Introduction
The success of a root canal treatment relies on effectively removing these bacteria and sealing the canal properly to avoid recontamination from the products. Therefore, many clinical practices apply preventative treatments by using various root canal medications. Although many new medication pastes have been developed and released commercially, calcium hydroxide paste has been the most widely used product for more than a century. Calcium hydroxide is known to exert various antibacterial properties[1,2], induce the mineralization of hard tissue[3,4] promote lysis of necrotic tissues and bacterial endotoxin in vitro and in vivo[5], and it has been used generally in clinic.
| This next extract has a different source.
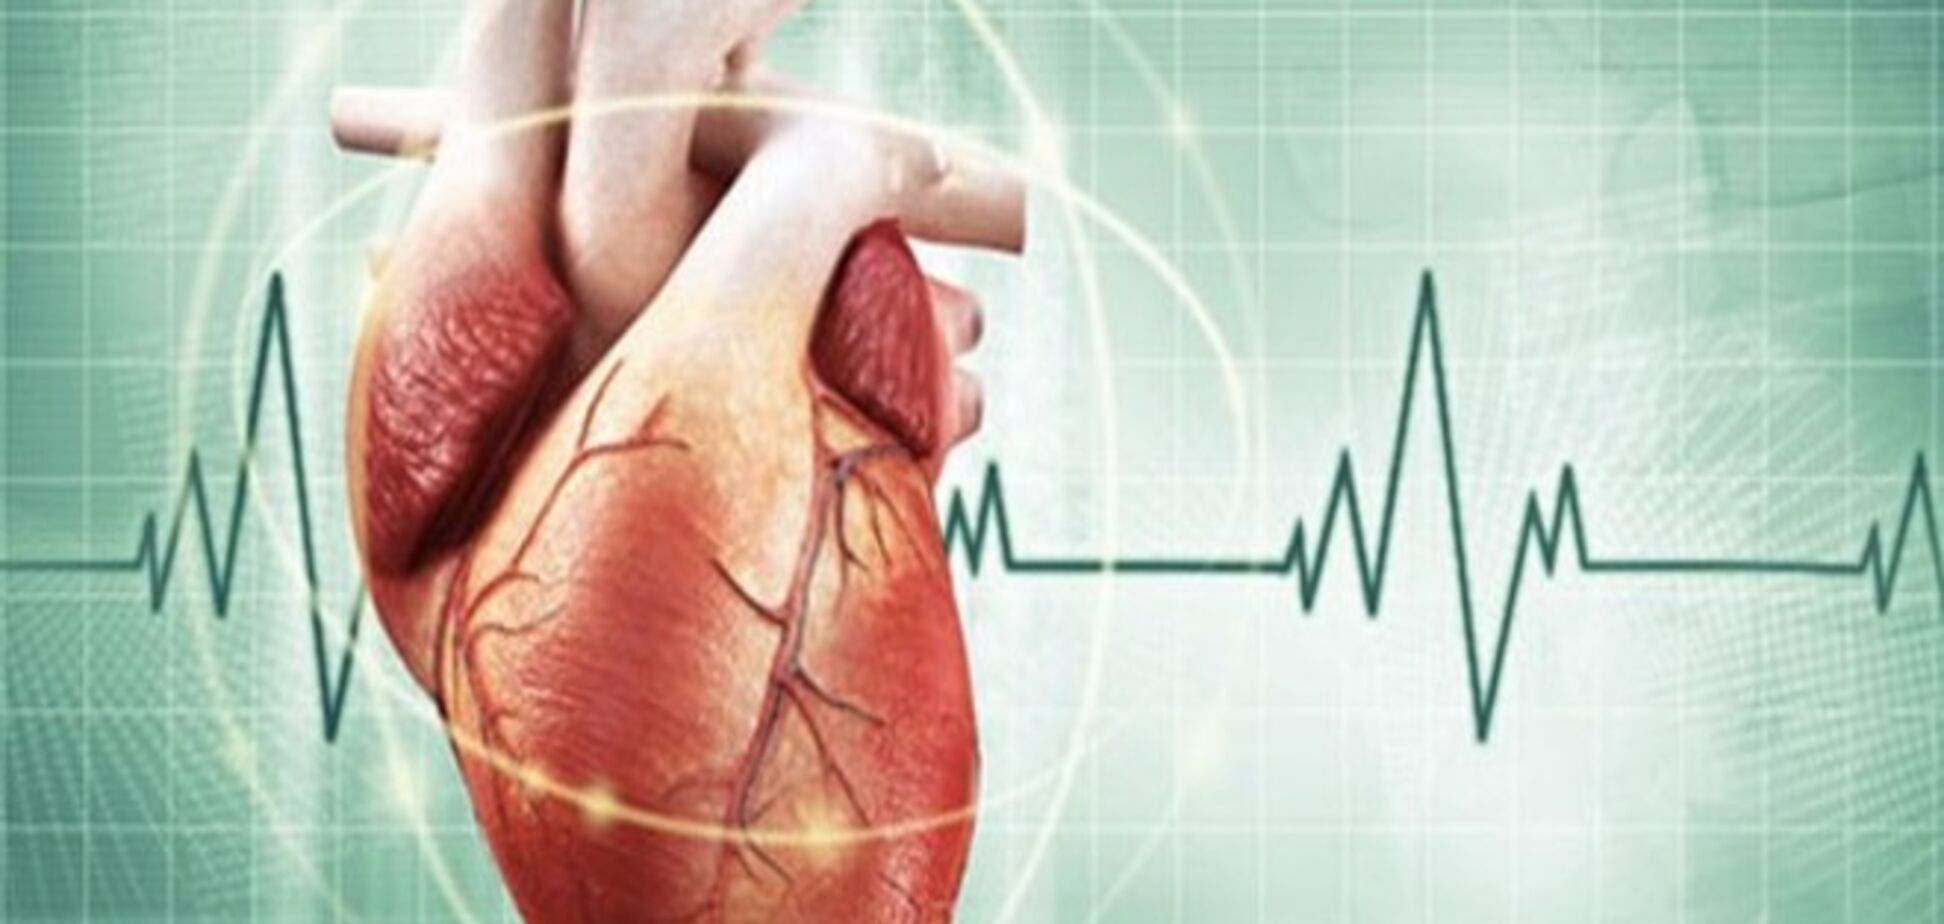 17 удивительных научных фактов о человеческом сердце

Hard tissues in the human body, including the tooth, mainly consist of hydroxyapatite (HA) and this has been used as synthesis bone graft materials until now. To enhance the bone formation, some researchers modified the HA in many ways. In particular, since silicon is an essential ion for hard tissue formation, silicon-substituted hydroxyapatite (Si-HA) has been developed for use as bone graft materials. Previous studies have shown the osteogenic activity and osteoinductibility of Si-HA[6]. Torres et al.[7] and Stanić et al.[8] demonstrated the antibacterial properties of HA and Si-HA. So we added Si-HA in calcium hydroxide paste to enhance its hard tissue formation property. The synthesis HA was made from natural coral and approximately 1% of silicon was substituted in HA.
For the positive effect on the bone, the percentage of calcium hydroxide was reduced by adding the Si-HA in the product. Despite of the lower percentage calcium hydroxide, we were wonder that the antibacterial property was remained same as before. So, in the previous study, we focused on the antibacterial property of the calcium hydroxide paste containing Si-HA with comparing the commercial product.
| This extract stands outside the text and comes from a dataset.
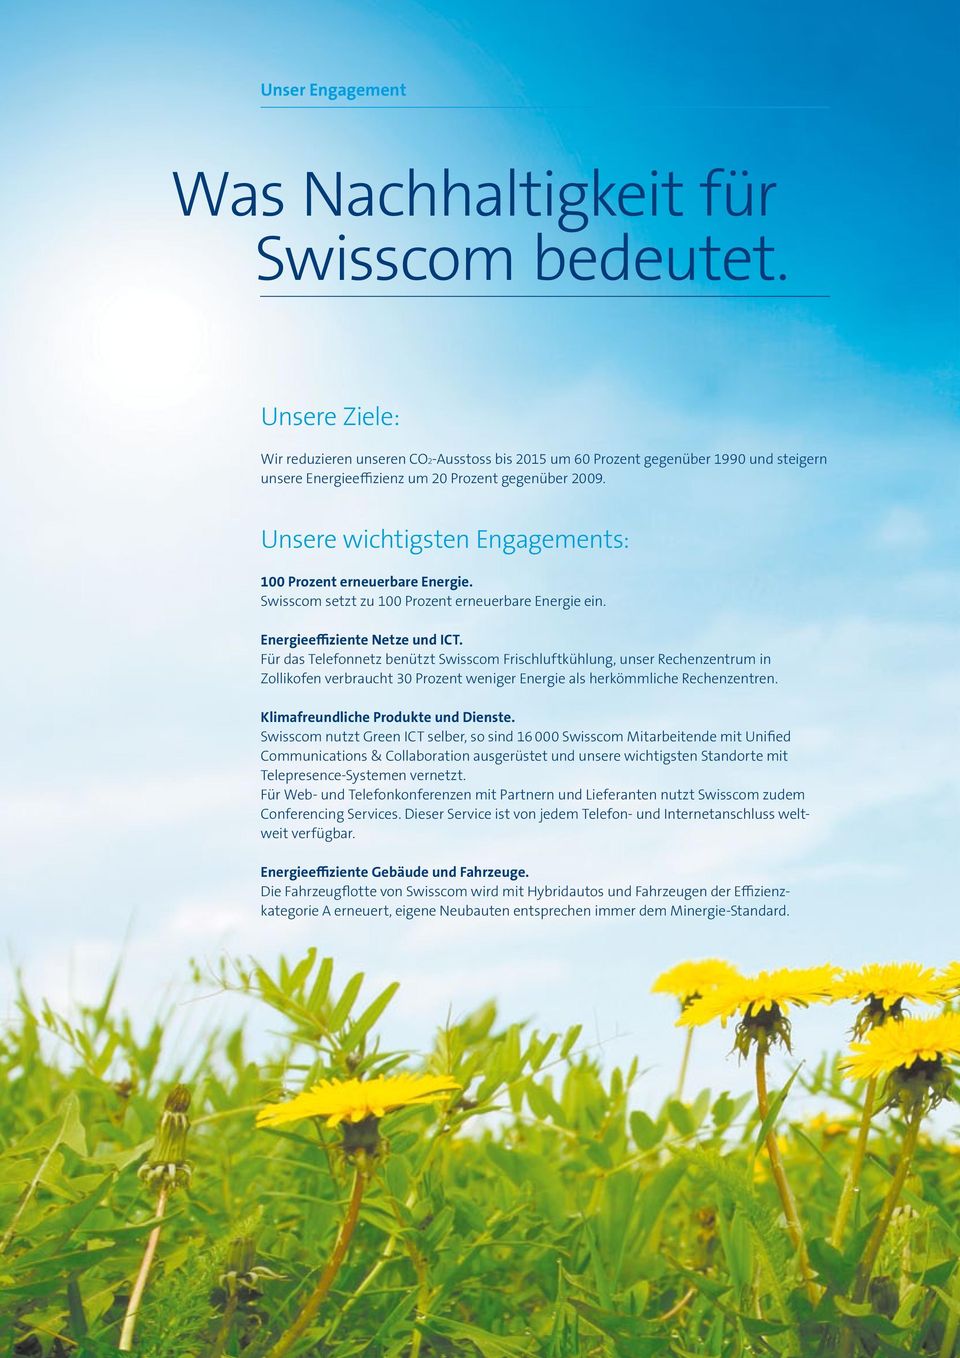 Unsere wichtigsten Engagements: 100 Prozent erneuerbare Energie. Swisscom setzt zu 100 Prozent erneuerbare Energie ein. Energieeffiziente Netze und ICT.

Infection of the root canal can be caused by various microorganisms, including gram-negative bacteria that release lipopolysaccharide (LPS)[9,10]. To mimic infected root canal, LPS-treated cell model has been used in vitro. In a previous study, the antibacterial effect of calcium hydroxide paste was conducted in the LPS-treated RAW 264.7 cells and they reported that it showed significant results in antibacterial[11].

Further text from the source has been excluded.